"Hasn't Lommy told you, yet?"
"Told me what?"
"Maybe you should climb up to the heavens and have a peek inside?" suggested Sivana. "But be quiet about it."
There was a ladder backstage, but it was faster to climb up the gallery rails and onto the stage roof. Both Sivana and Feena tsked at him as he took Lommy's preferred route.
"One day," Sivana always warned him, "you'll fall right through that thatching."
"Be careful up there," called Feena in a stage whisper. Tal crept along the thatching on all fours, trying to spread his weight as evenly as possible. As he approached the clarion door, he peered inside.
"Lommy?" he called softly. As his eyes adjusted, he saw the ragged outlines of the tasloi's nest. He had rarely climbed up to their lair, where Otter spent most of his time. The reclusive tasloi was virtually the opposite of his outgoing, clownish brother.
"Tal!" came Lommy's whispering voice, as did the sibilant sounds of Otter's response. Tal saw Otter curled protectively around an even smaller creature. Dark gray and wrinkly, it looked like a miniature tasloi-which is exactly what it was.
Lommy clambered over the window sill and sat on the thatching with Tal, uncharacteristically calm. Usually the little creature was a trembling spring, ready to shoot in any direction unexpectedly.
"I thought Otter was your brother," said Tal. "Otter brother," agreed Lommy, grinning. "Chaney little brother."
"I see," said Tal, gazing fascinated at the mewling infant. While Quickly's insistence that the tasloi never improve their pidgin Common might make them more charming for the audiences, Tal never anticipated such a profound failure to communicate.
"Tal big brother," said Lommy, climbing onto Tal's shoulder and clinging to his hair. "Tal happy?"
"Oh, yes," said Tal. "Tal very happy. Dumbfounded, flabbergasted, astonished, and a few other big words, but Tal happy."
They sat together on the roof, peering in every now and again to watch Otter cradling the baby. After a while, Lommy pulled Tal's ear affectionately and went inside to join his new family.

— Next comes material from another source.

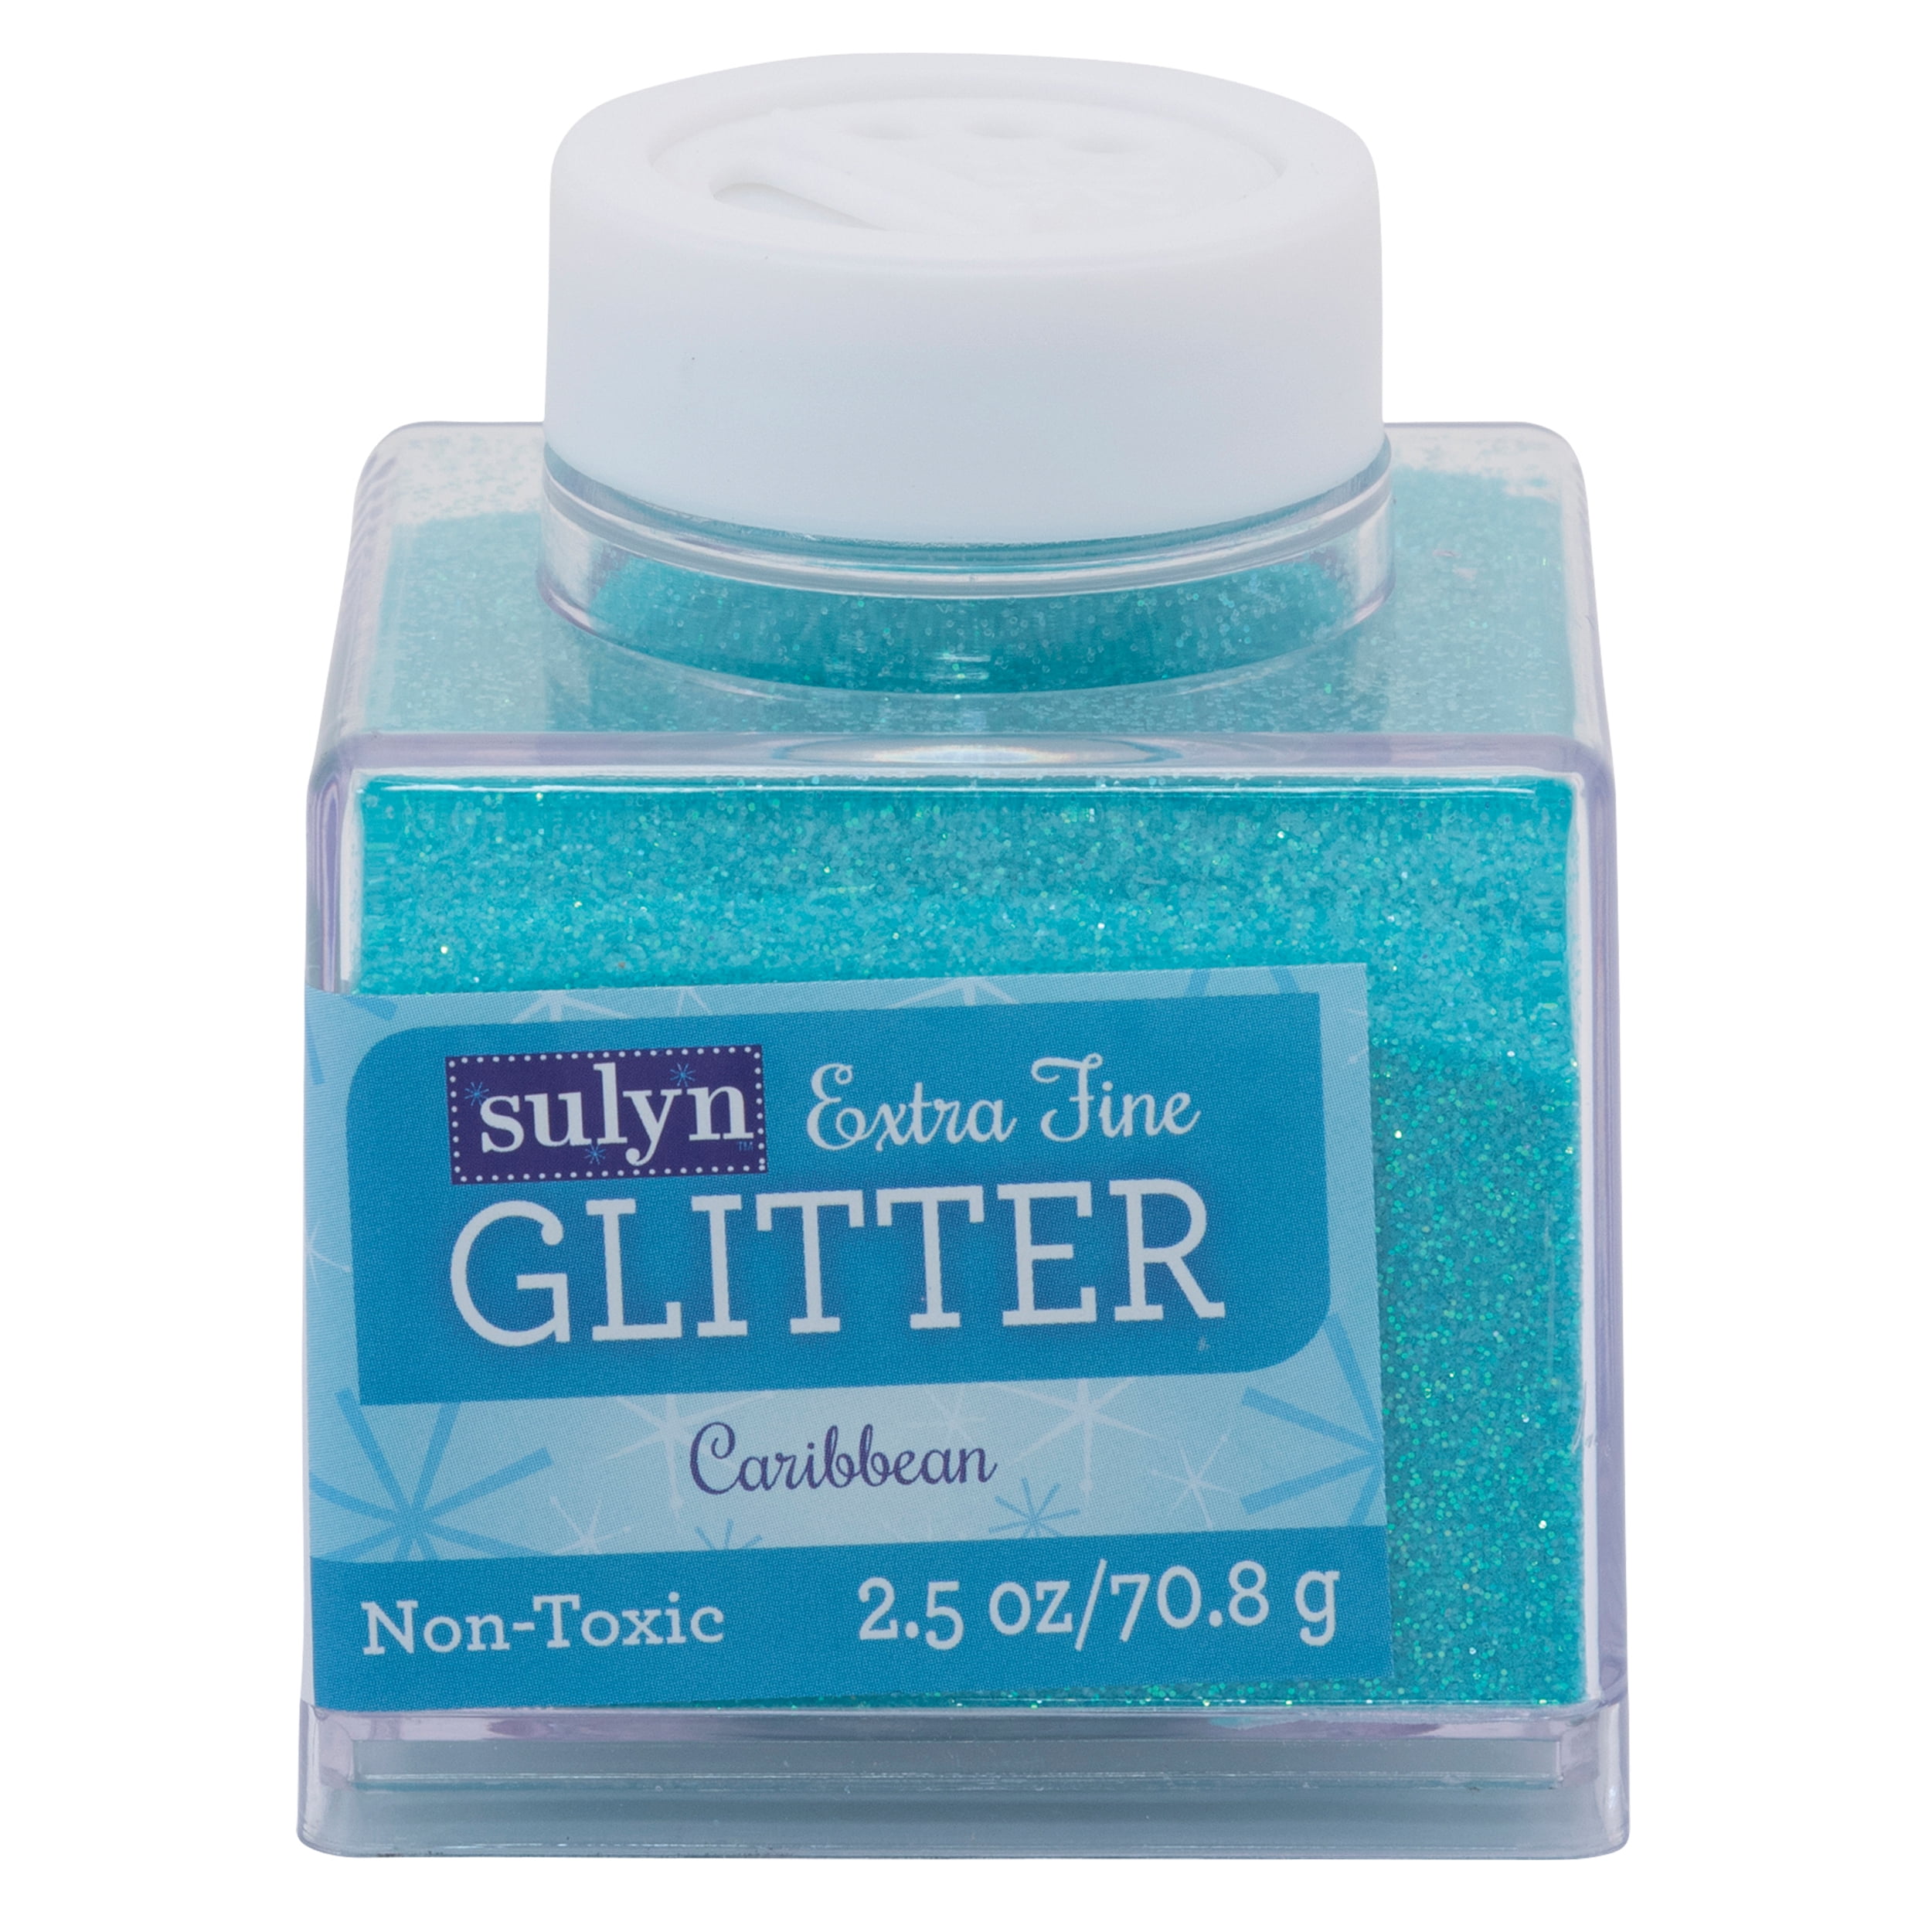 Sulyn Extra Fine Glitter for Crafts, Caribbean Blue, 2.5 oz

"It was hard enough dealing with one family," said Tal, "but now I've got three."
He and Feena lay on their backs in the yard of the darkened theater. They looked up at the waning moon as it dipped below the edge of the round roof.

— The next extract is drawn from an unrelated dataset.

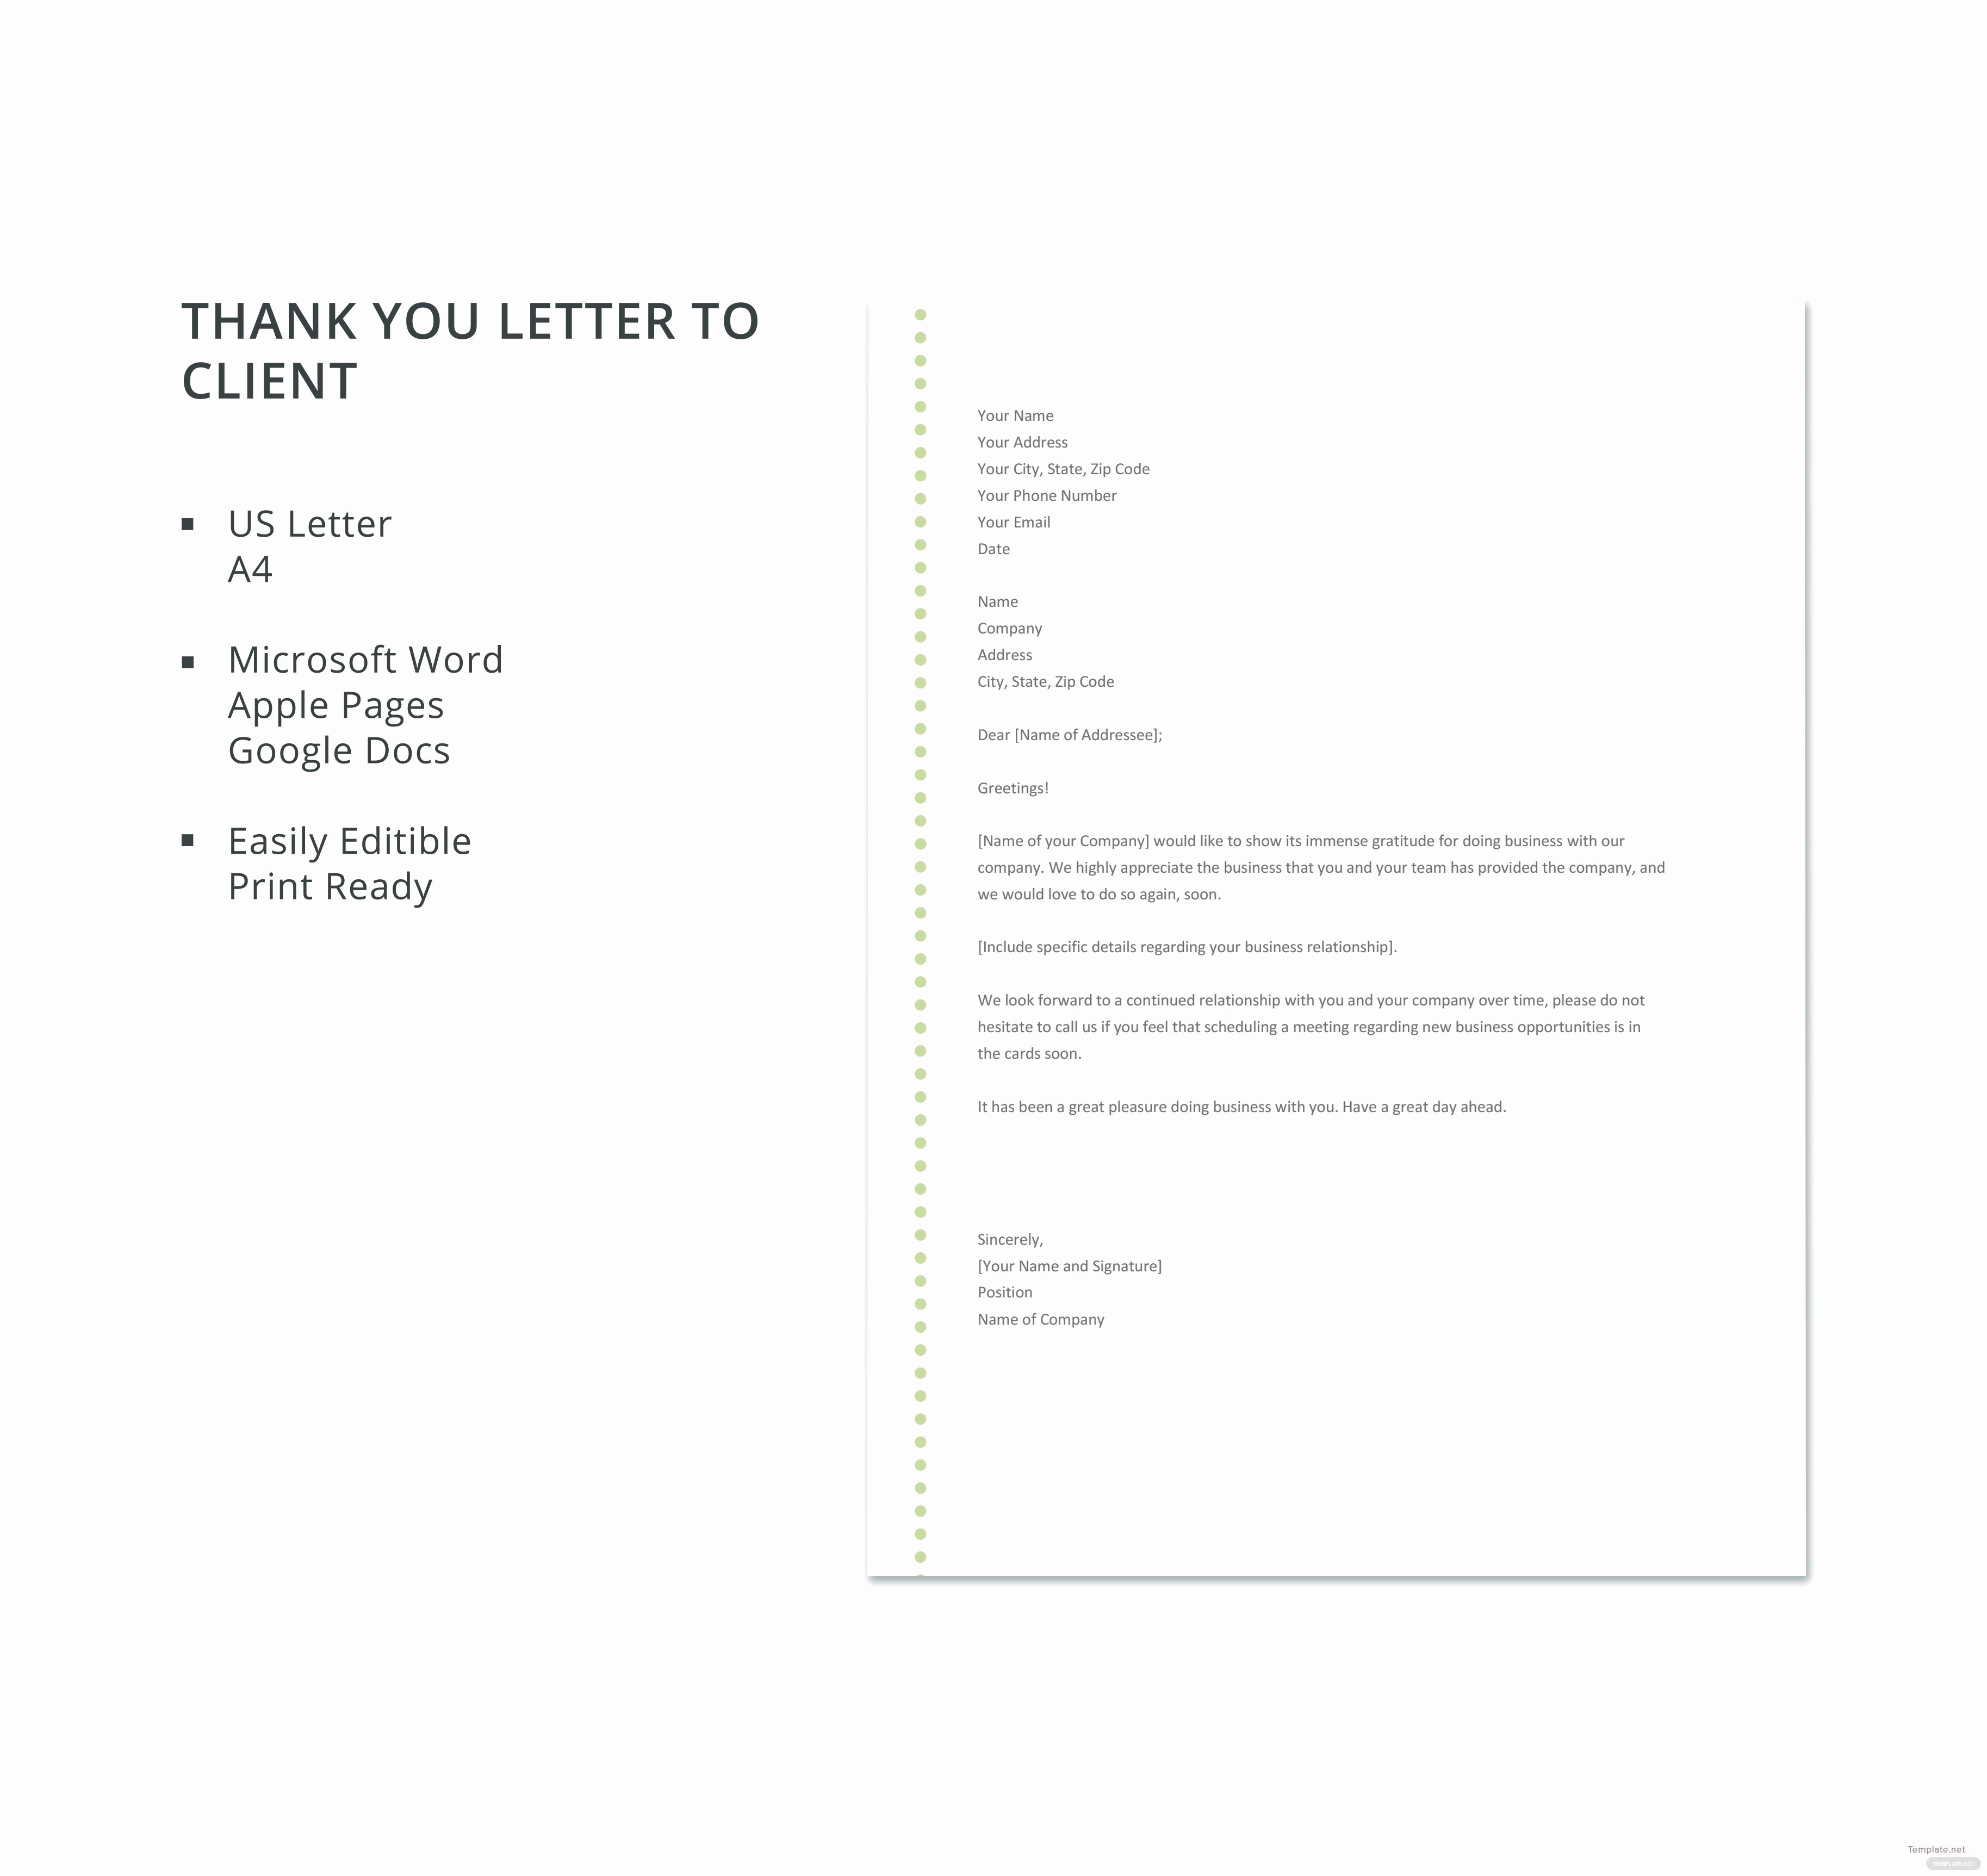 Thank You Letter to Client Inspirational Free Thank You Letter to Client Template In Microsoft Word

"You've been with the players for years," said Feena, "you've come to good terms with your parents, and Lommy and Otter take care of little Chaney themselves. How hard can it be?"
"You have no idea," said Tal. "I just feel like I have to take care of everything these days, like I have to look out for everyone."
"And you're complaining? I thought that's what you liked best?"
Tal thought about that for a moment. "I do like it," he admitted. "It's better than having other people trying to look out for me all the time. But it's a lot of work."
"So you're whining because…?"
"I'm not whining," he insisted. He thought of Chaney and bit his lip. "All right, so maybe I was whining just a little."
"And you'll quit it now."
"And I'll quit it now."
Feena slipped her hand into his. They looked up at the moon and the stars, dreaming their separate dreams until Tal spoke again.
"Thank you, Feena."
"For what?"
"This past year, all the time you were helping me with the wolf, I kept expecting you to come to the point and insist I join your church."
"I know I came on strong at first," she said. "You weren't the only one who had a lot of anger to face."
"Rusk," said Tal.
"And Mother, for not dealing with him earlier."
"What could she have done?"
"I don't know," she said. "Moved away, joined his bloody pack… something. It feels as though I've spent my whole life waiting for them to kill each other, and now it's over. I don't know what to do next."
"What do you want to do?" he asked.
"That's the problem," she said. "I've never had to decide before."
She went silent, waiting for Tal to say something. A hundred thoughts surfaced in his mind, but he pushed them back down. Every one of them seemed too perilous, too likely to add even more worries to his life. He already had his family to deal with, and now he had taken responsibility for the players as well. Adding Feena to that confusing mix could be nothing but trouble. It was hard enough keeping his relationship with her a secret from his family.
And he realized his mistake Keeping secrets was not his virtue.
Tal turned on his side and ran a finger lightly along Feena's jaw. Even in the partial moonlight, her freckles stood out against her fair skin. She turned to face him, kissing his palm before nuzzling his hand.
"What are you thinking?" she asked.
"I was thinking," he said, "I'd like to make a deal with you."